__Collected data__.

═══

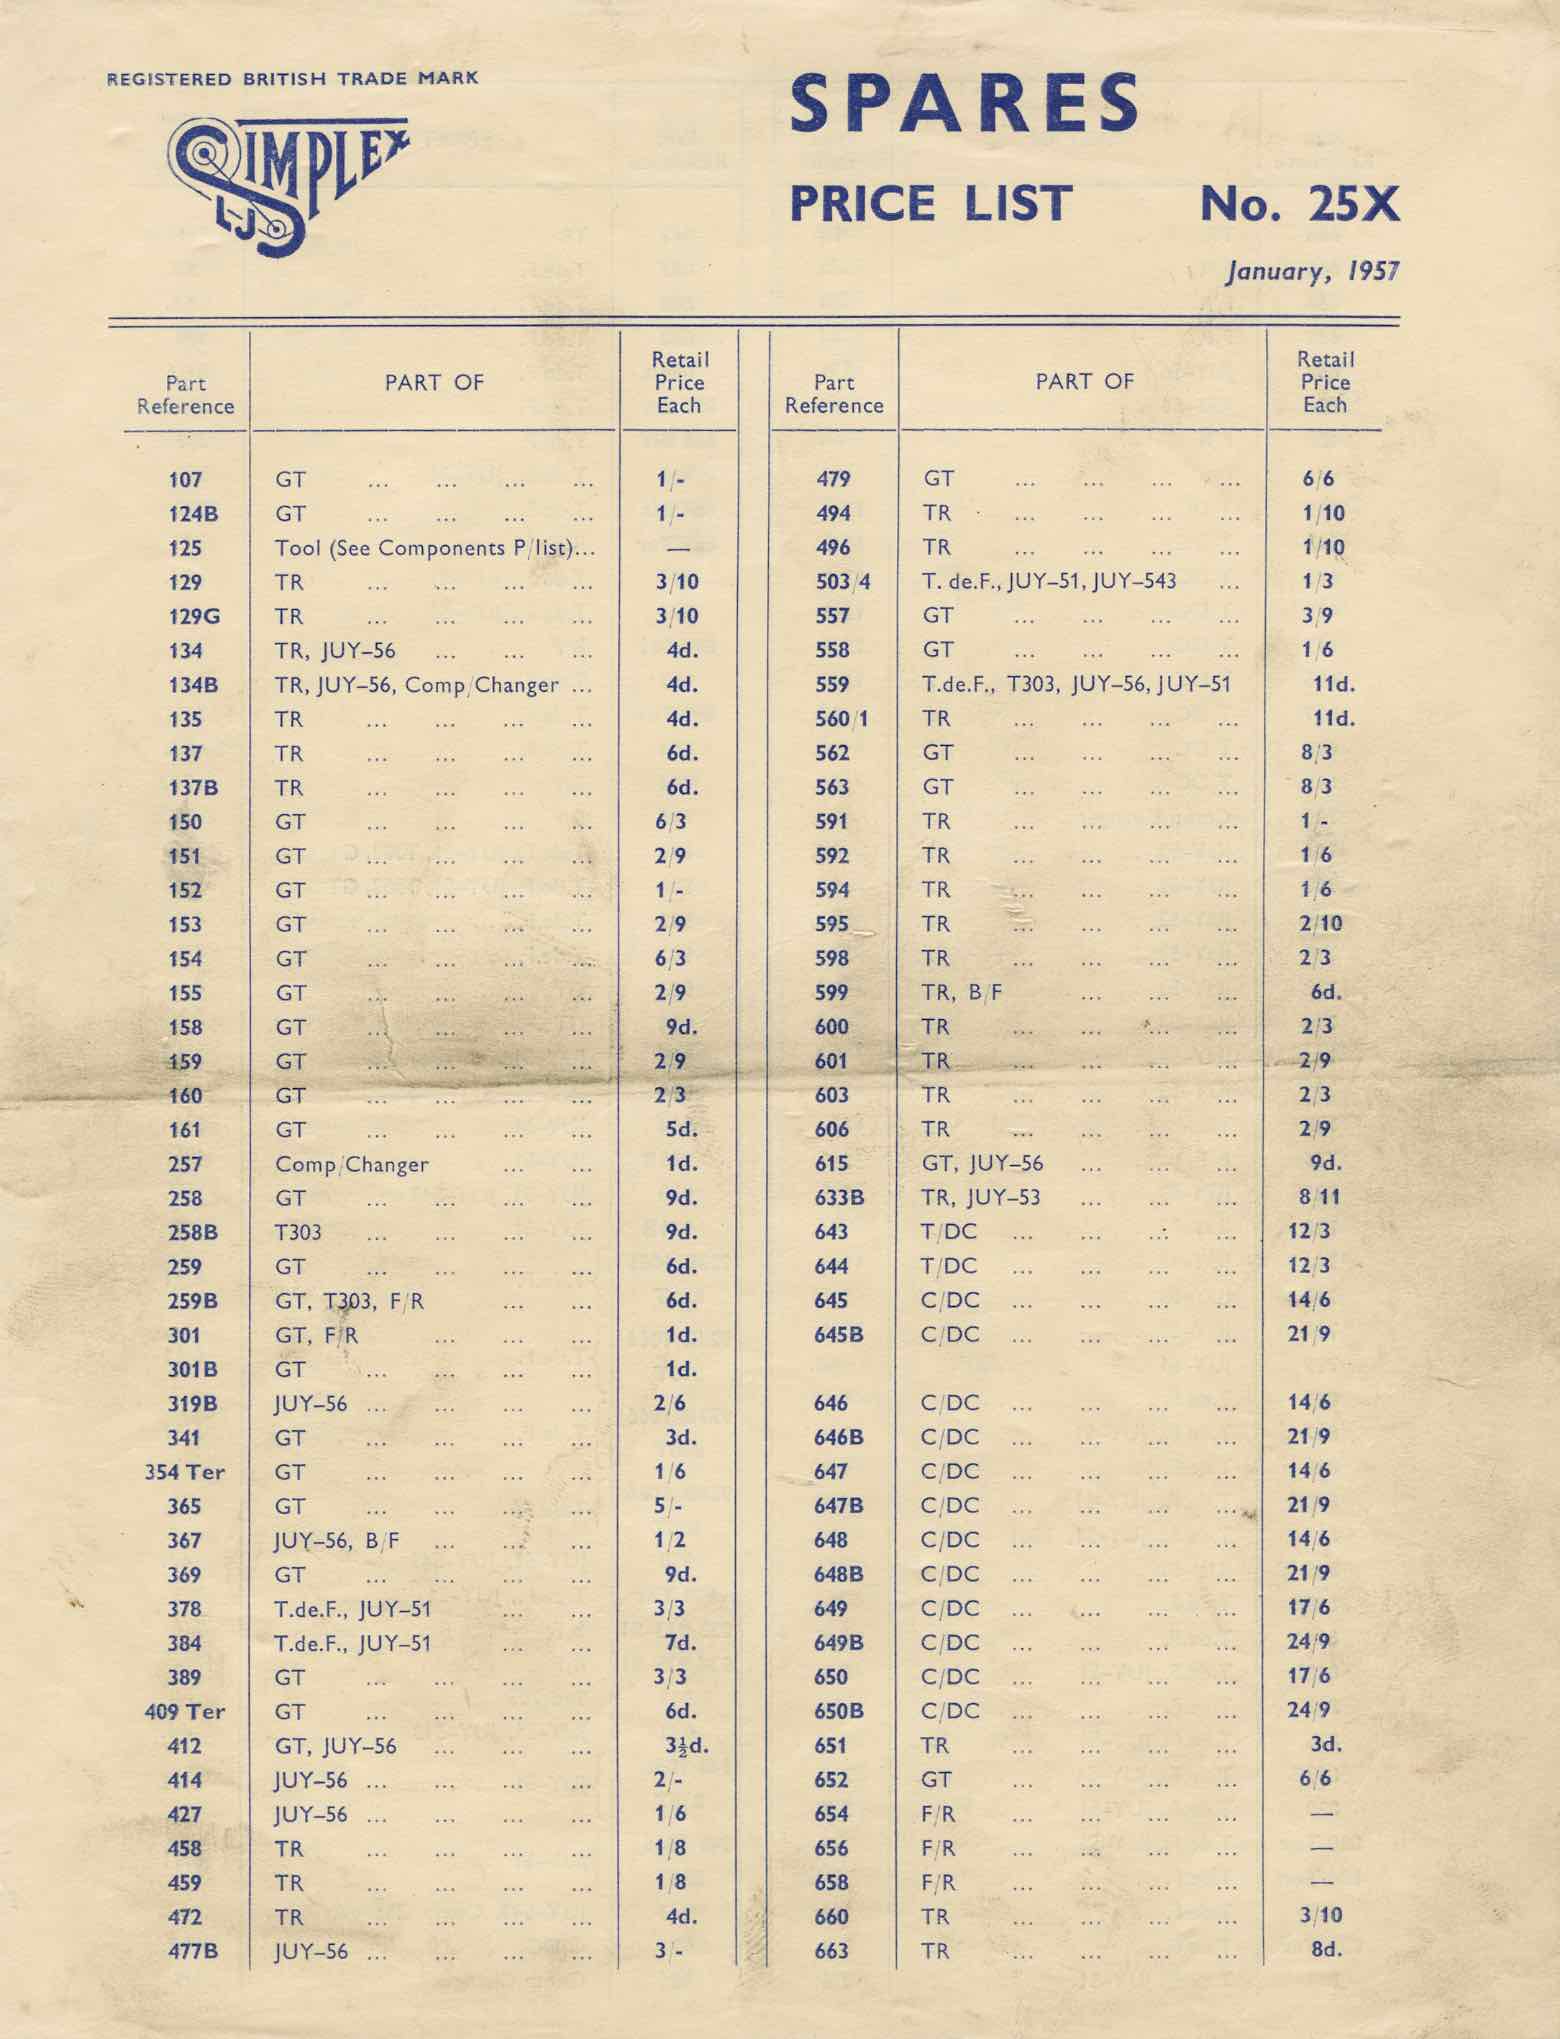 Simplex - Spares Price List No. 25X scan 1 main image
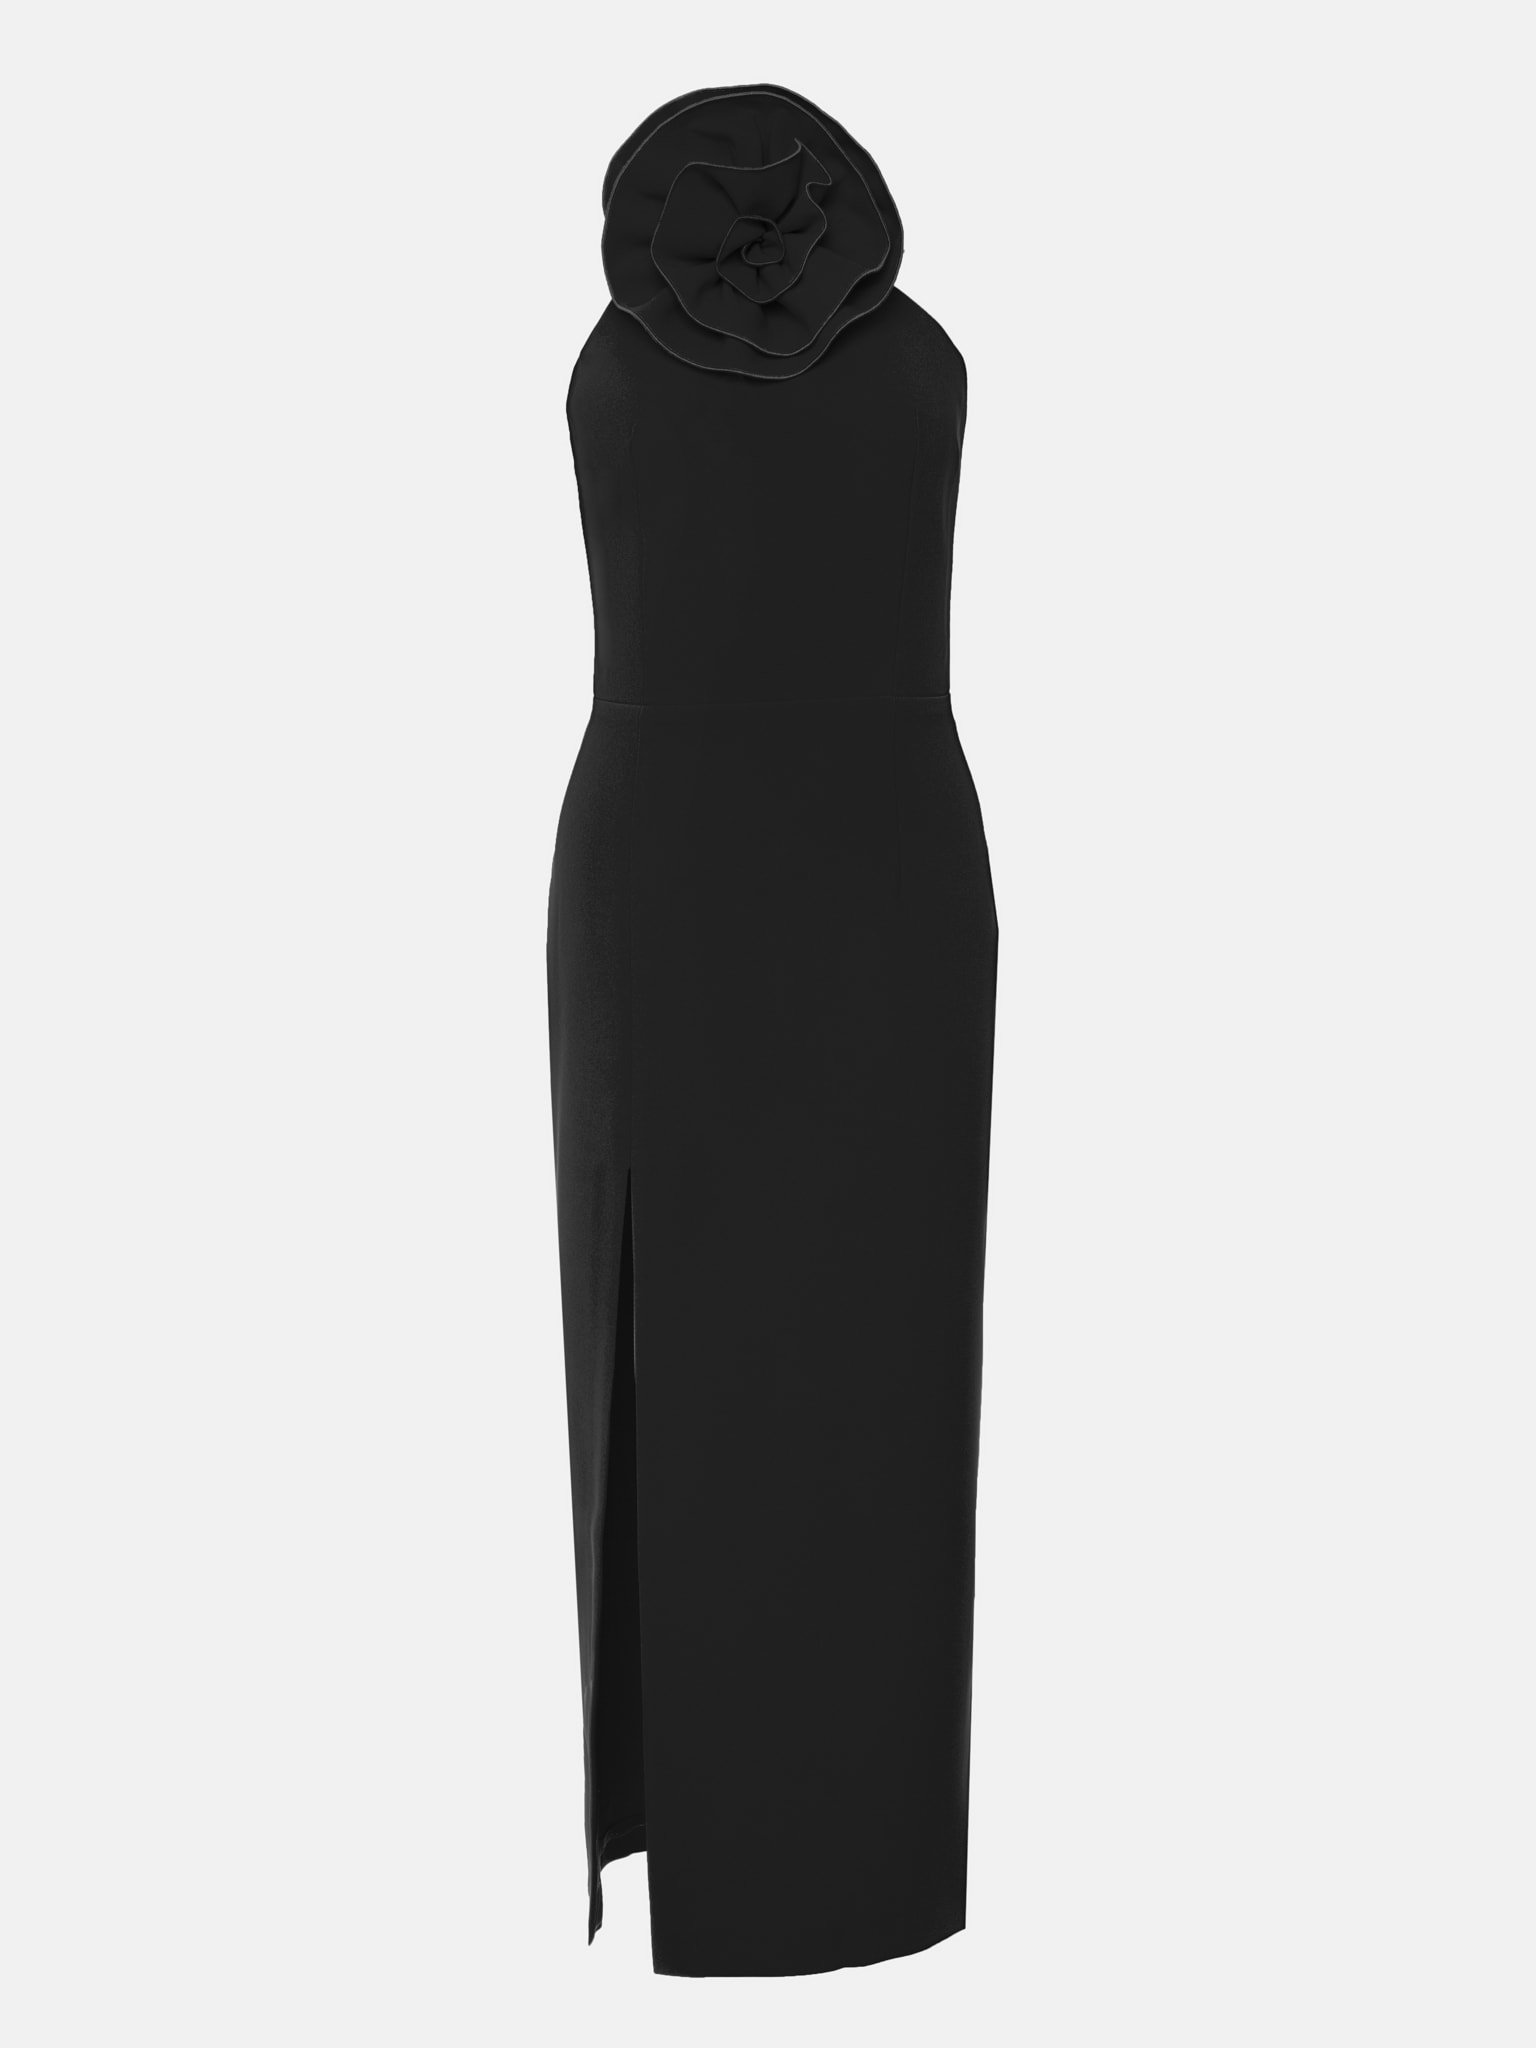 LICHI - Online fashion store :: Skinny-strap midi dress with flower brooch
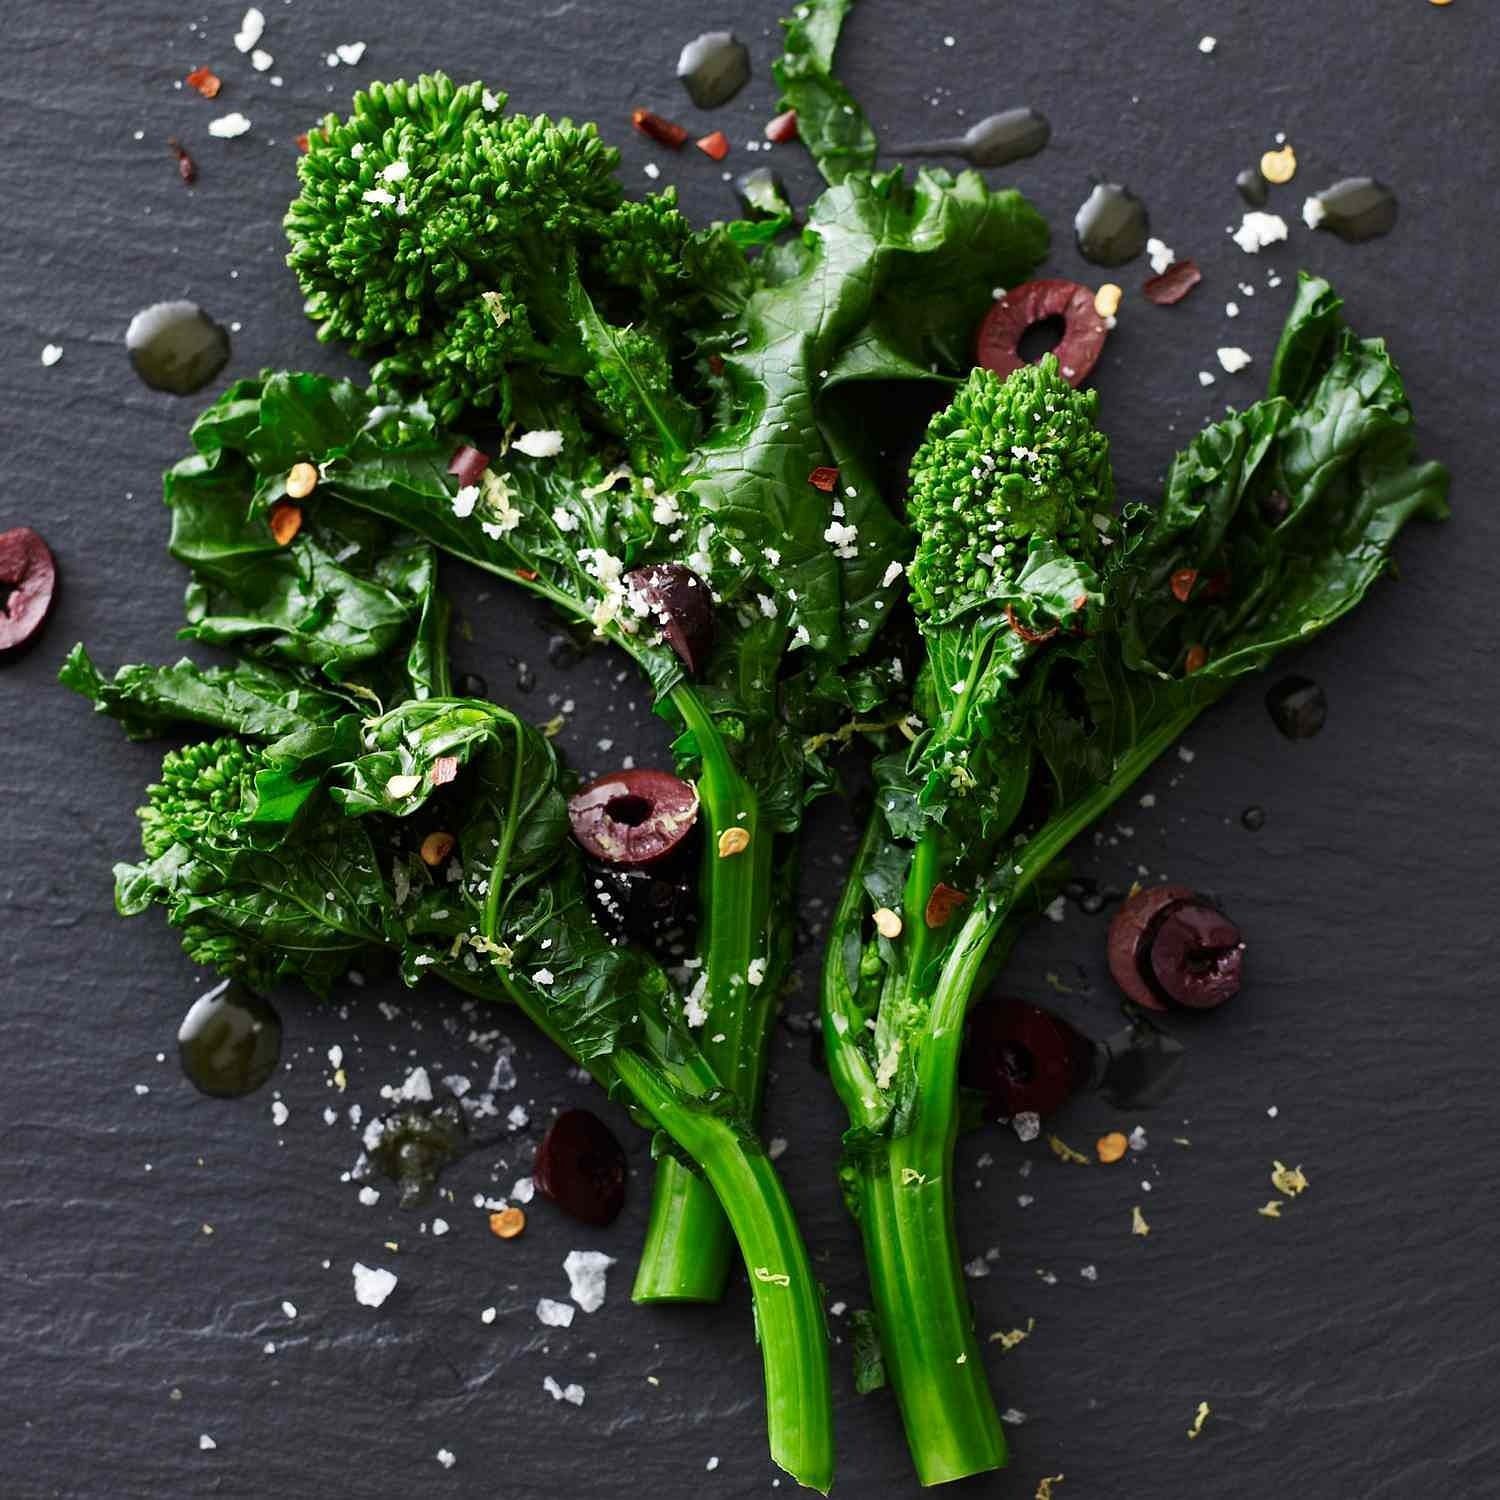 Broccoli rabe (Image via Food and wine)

═══

__Task requirements__.
Skip the images and write out the rest of the listing exactly.

__Your response__.
 Simplex - Spares Price List No. 25X scan 1 main image
 LICHI - Online fashion store :: Skinny-strap midi dress with flower brooch
 Broccoli rabe (Image via Food and wine)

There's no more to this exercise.